Activity:
Output the listing word for word, minus pictures.

Source data:
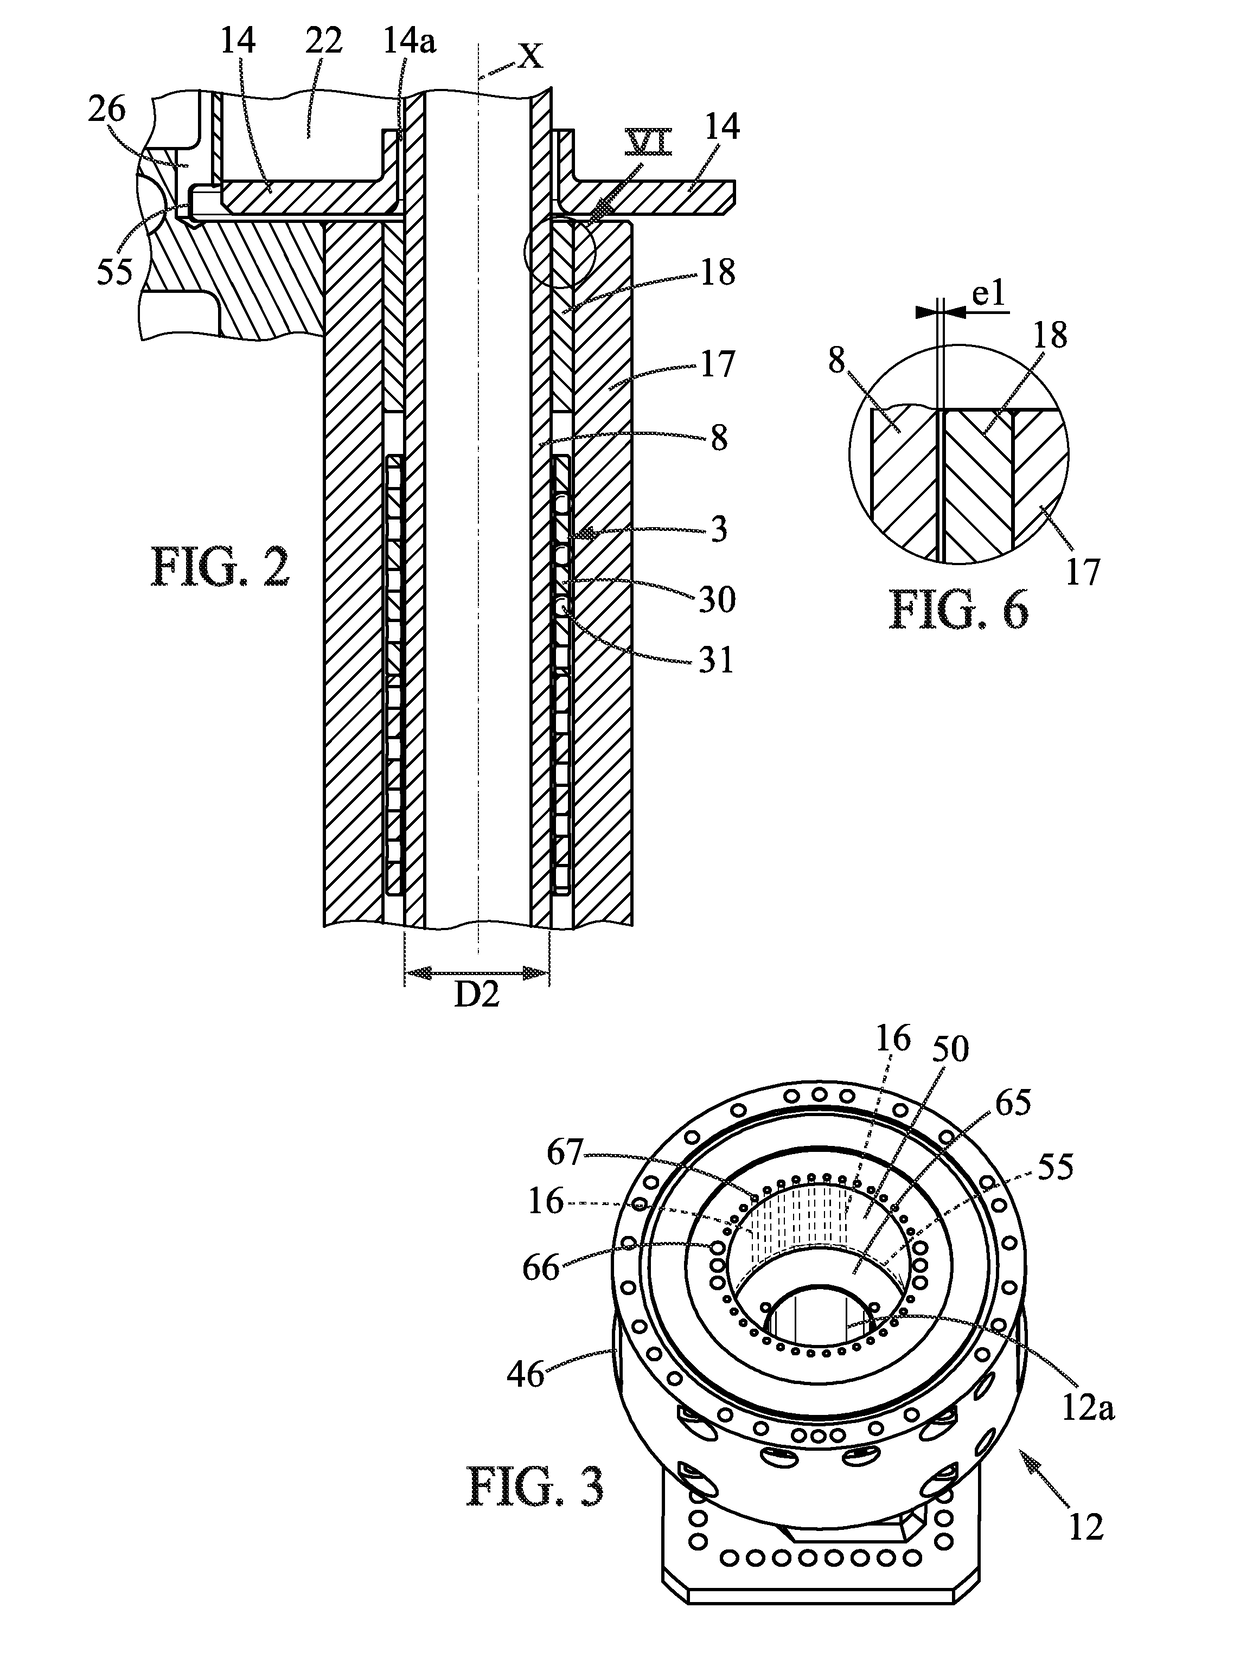 Device for thermal compression of a gaseous fluid
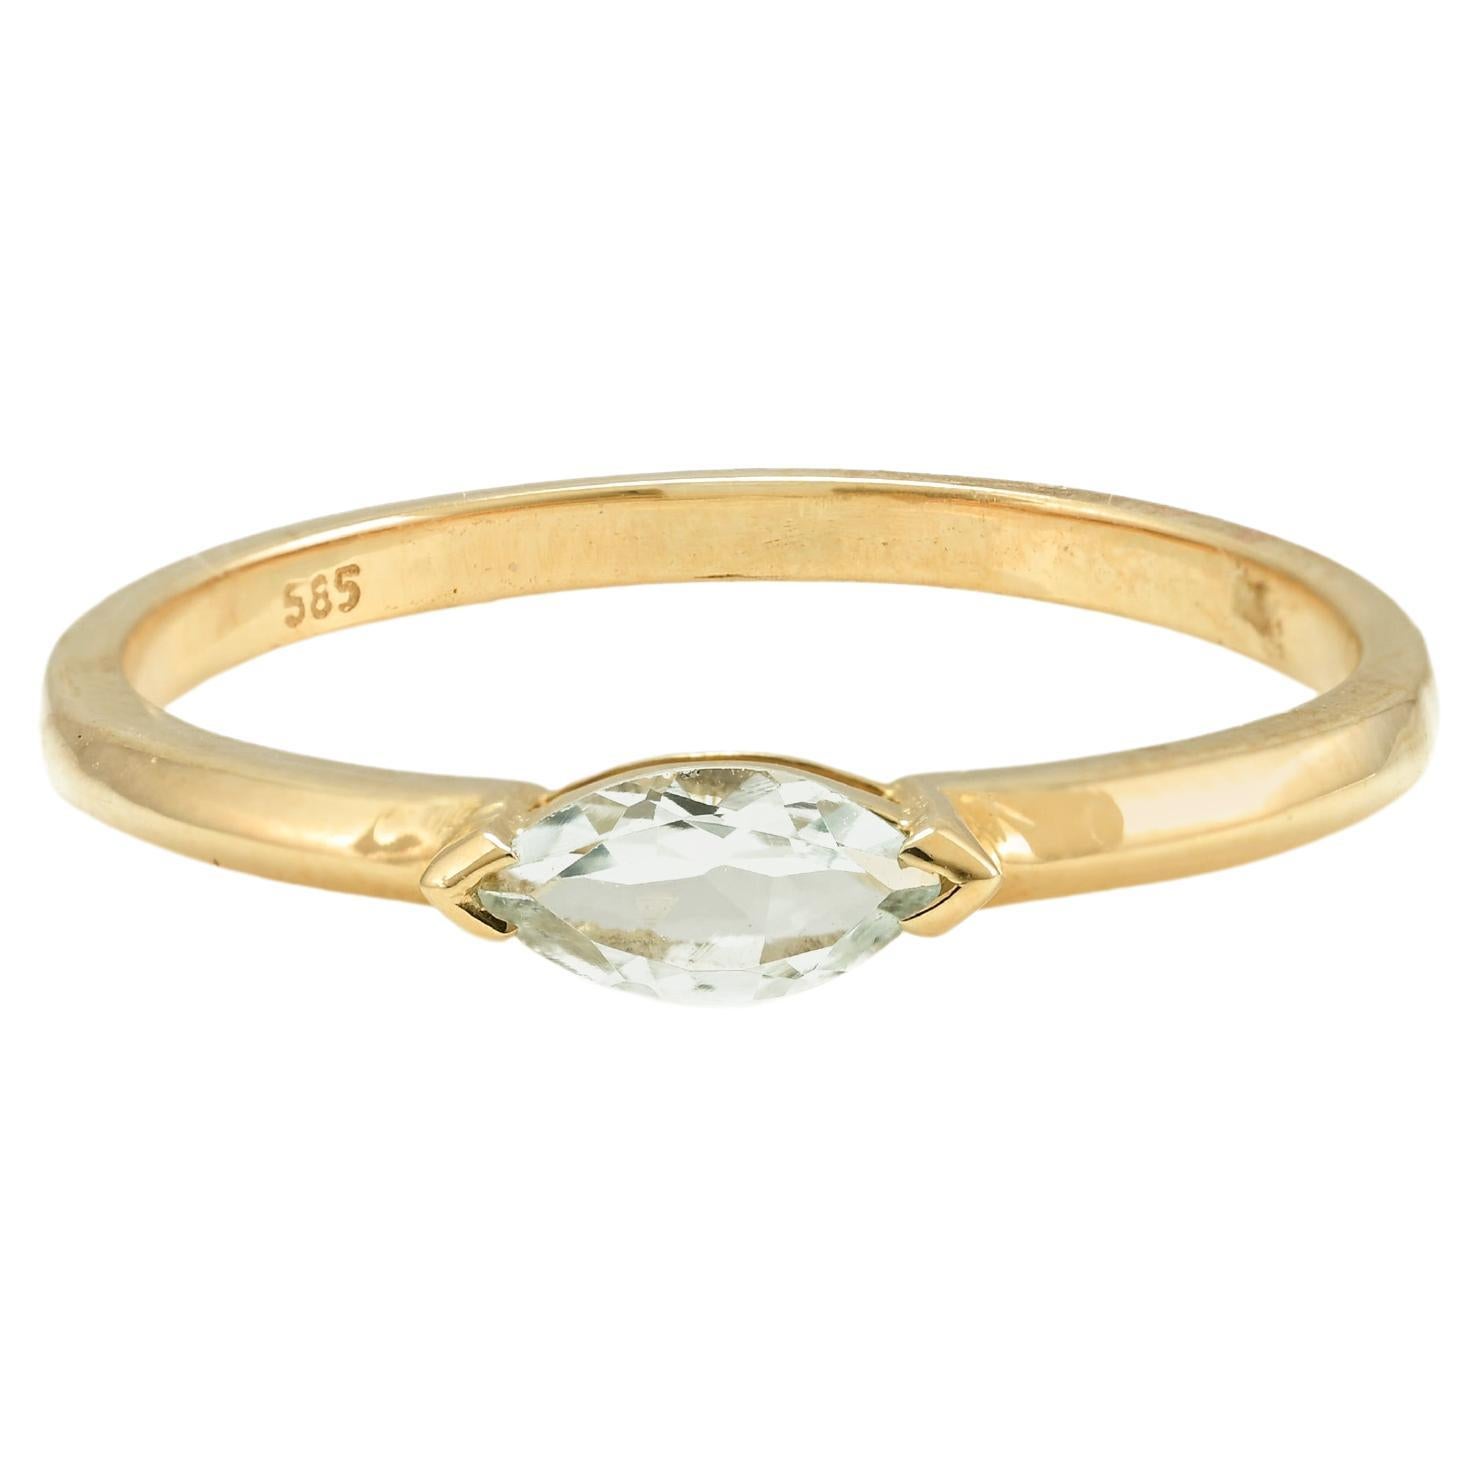 Bague empilable aigue-marine taille marquise en or jaune massif 14 carats
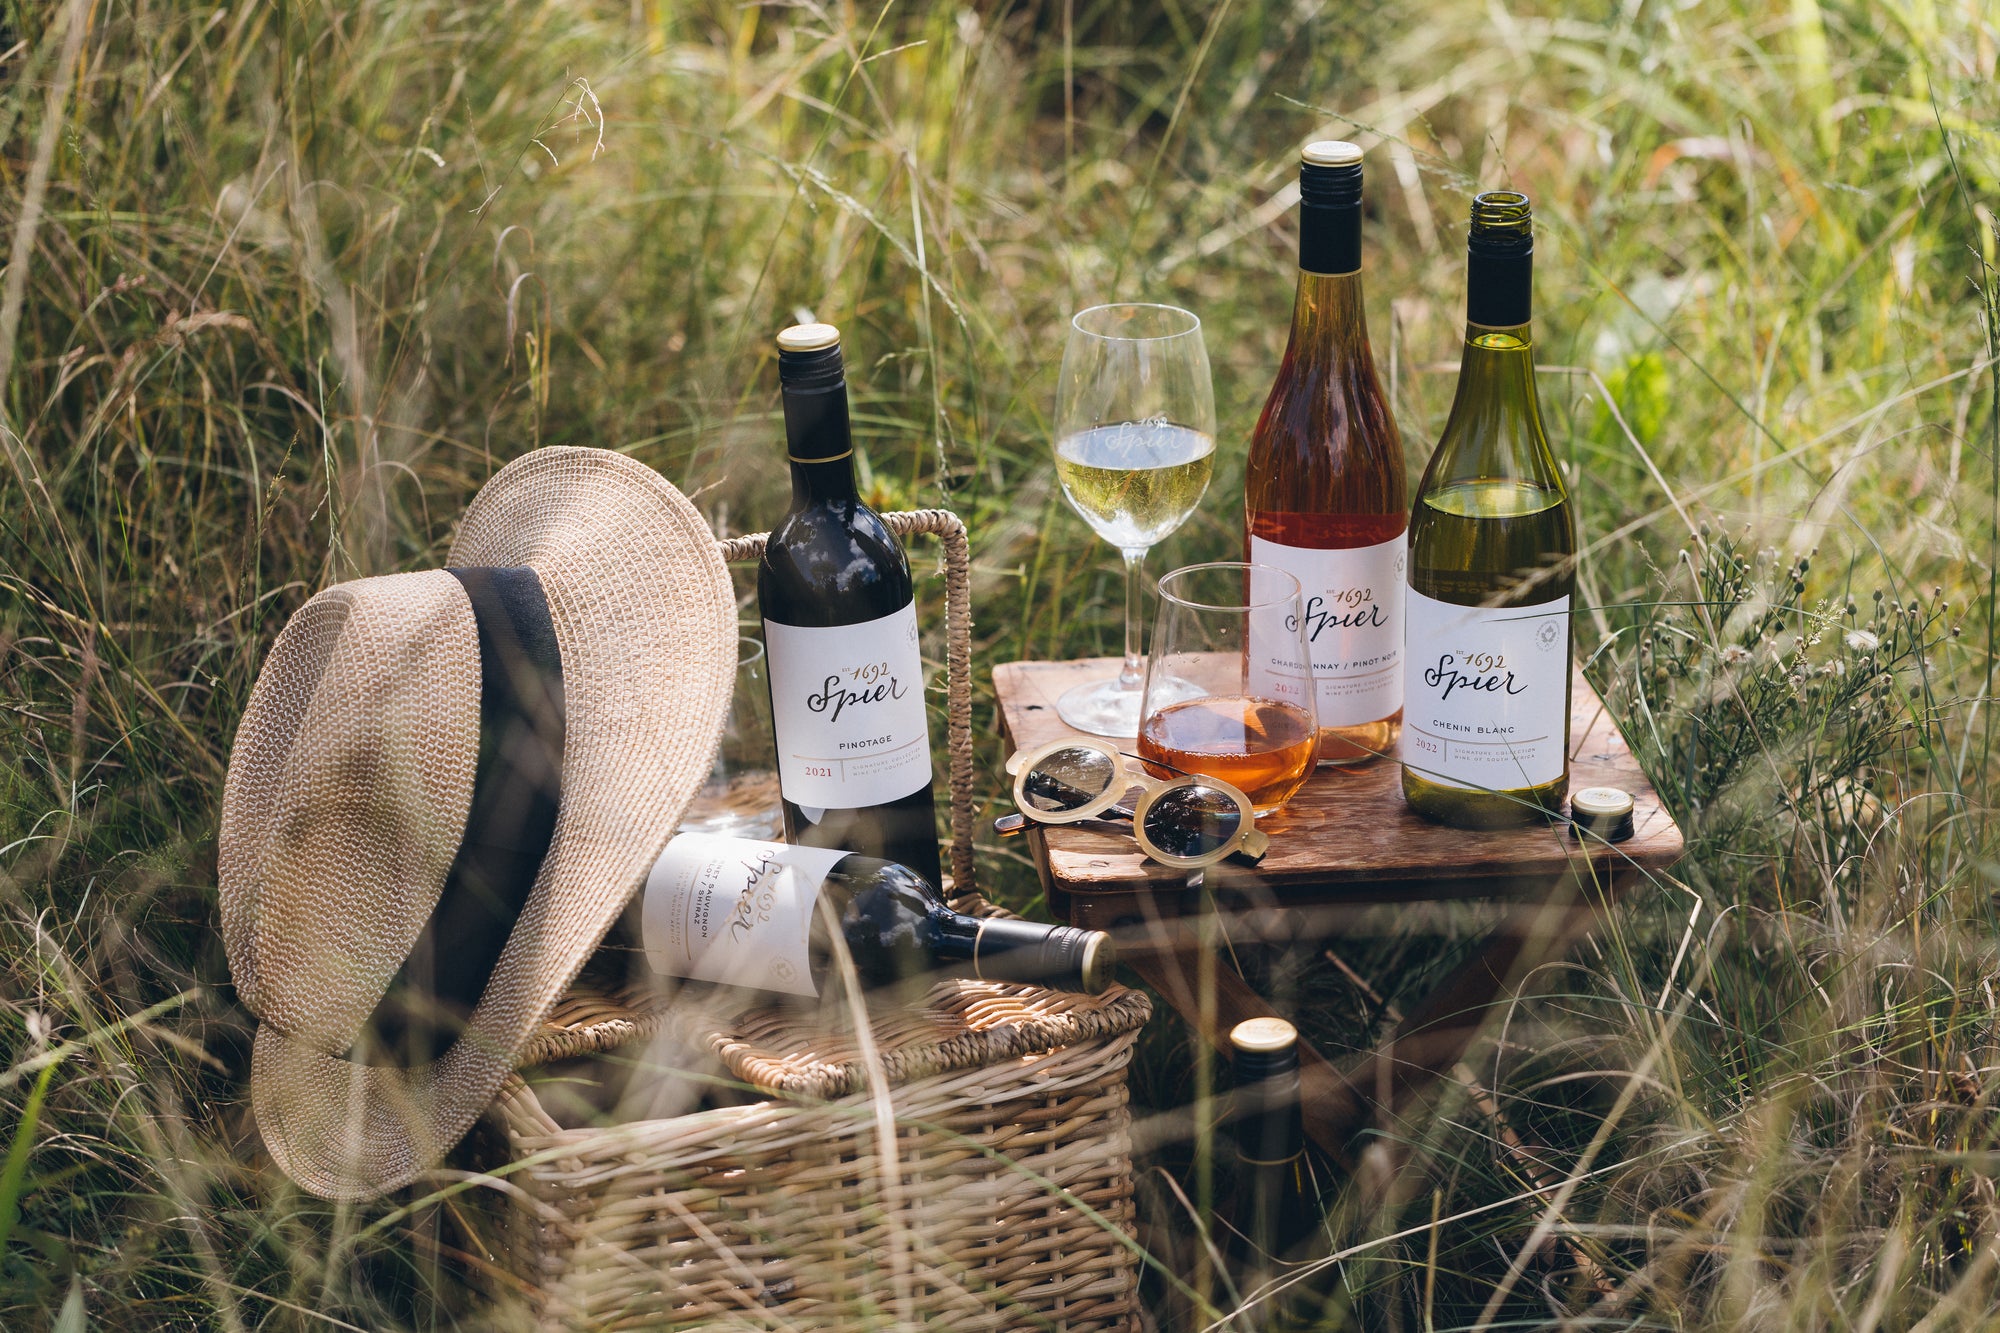 Spier Signature Collection of wines from Stellenbosch, South Africa.

Written reply:
 Device for thermal compression of a gaseous fluid
 Bague empilable aigue-marine taille marquise en or jaune massif 14 carats
 Spier Signature Collection of wines from Stellenbosch, South Africa.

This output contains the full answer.